I'll assume one int takes up four bytes of memory. So to store three of them, we need 12 bytes of memory (four bytes per int times three int
s). malloc
allocates space in bytes, so that will give you 12 bytes of memory (sizeof(int)
will return four as there are four bytes per int*).
Now let's look at the other version:
int *list = malloc(3)
You allocate three bytes of memory. Sadly, one int is four bytes... so you have enough space for 3/4 of an int (again, assuming one int is four bytes). If you wanted to store three ints, you need to allocate memory equal to three times however big an int is, hence 3 * sizeof(int)
.
*Technically, there are platforms where an int
isn't four bytes.

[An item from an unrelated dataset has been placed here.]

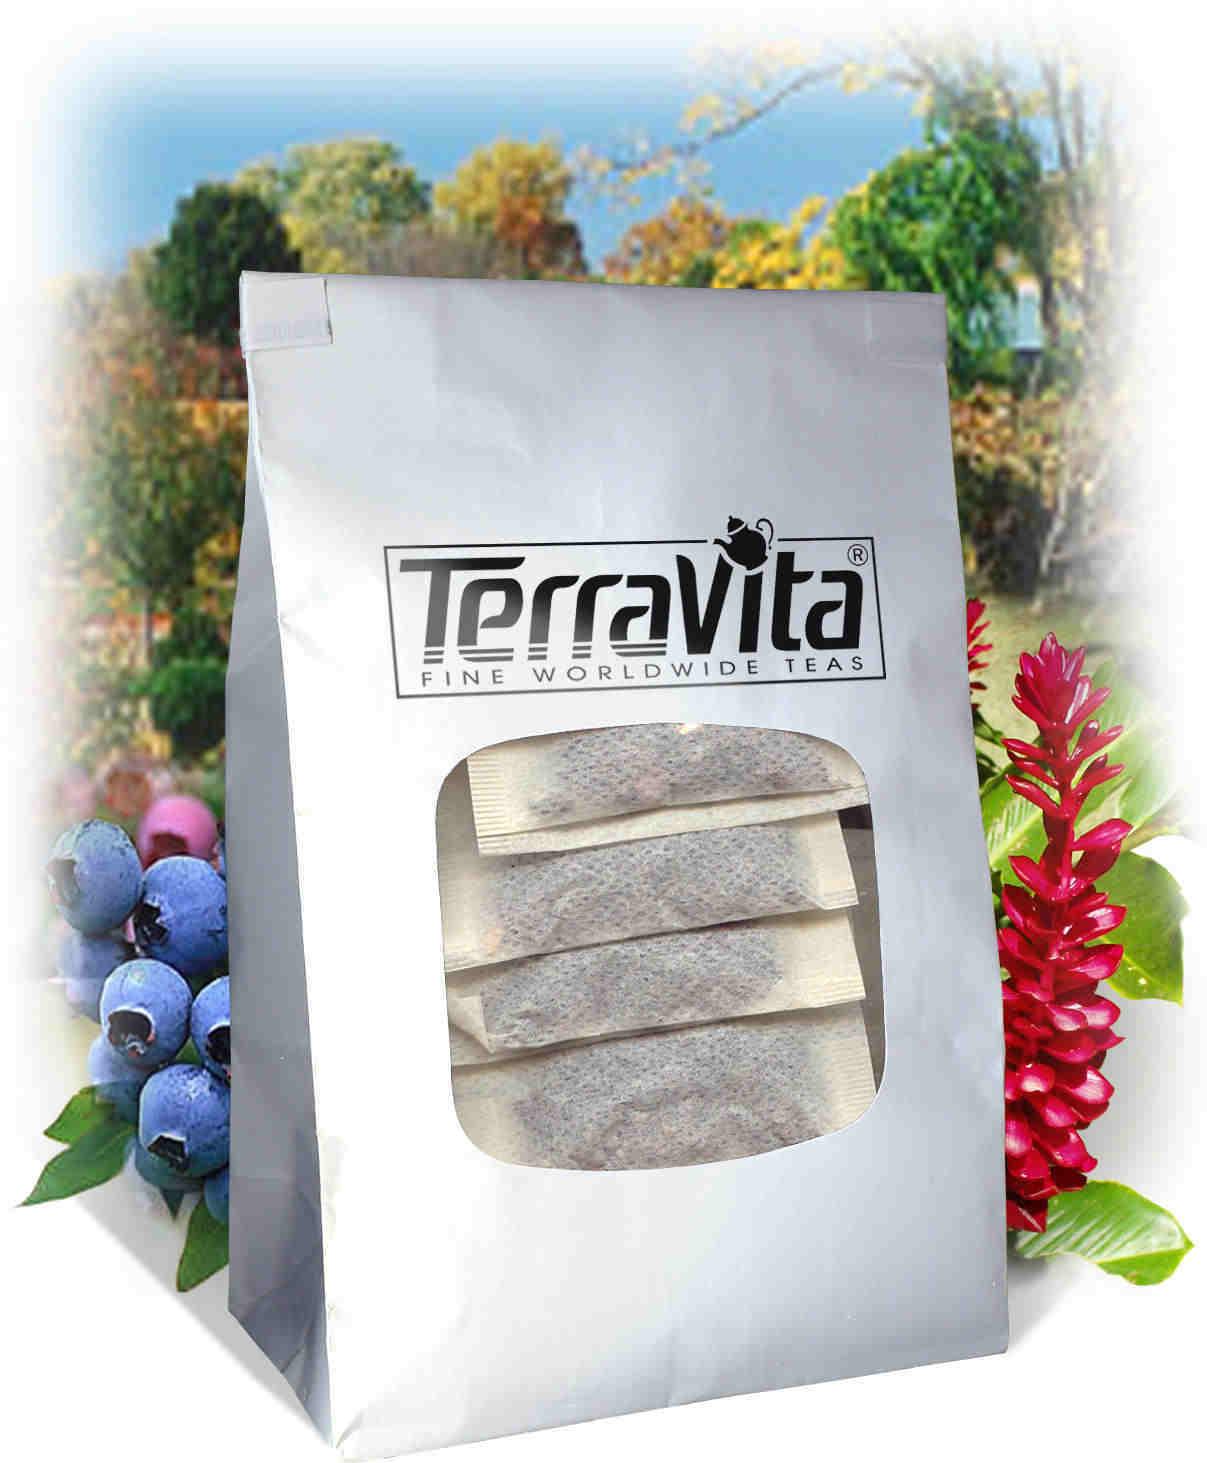 Spearmint Leaf (Certified Organic) Tea

So it is better to write sizeof(int)
instead of 4
. Don't worry about that for now, though.
CodePudding user response:
The parameter to malloc() is the number of bytes you want to allocate.
int* list = malloc(3)
will only allocate 3 bytes
Each integer on a 32-bit platform is 32 bits (4 bytes). This can be obtained with sizeof(int)
An array of 3 integers will take 3*sizeof(int)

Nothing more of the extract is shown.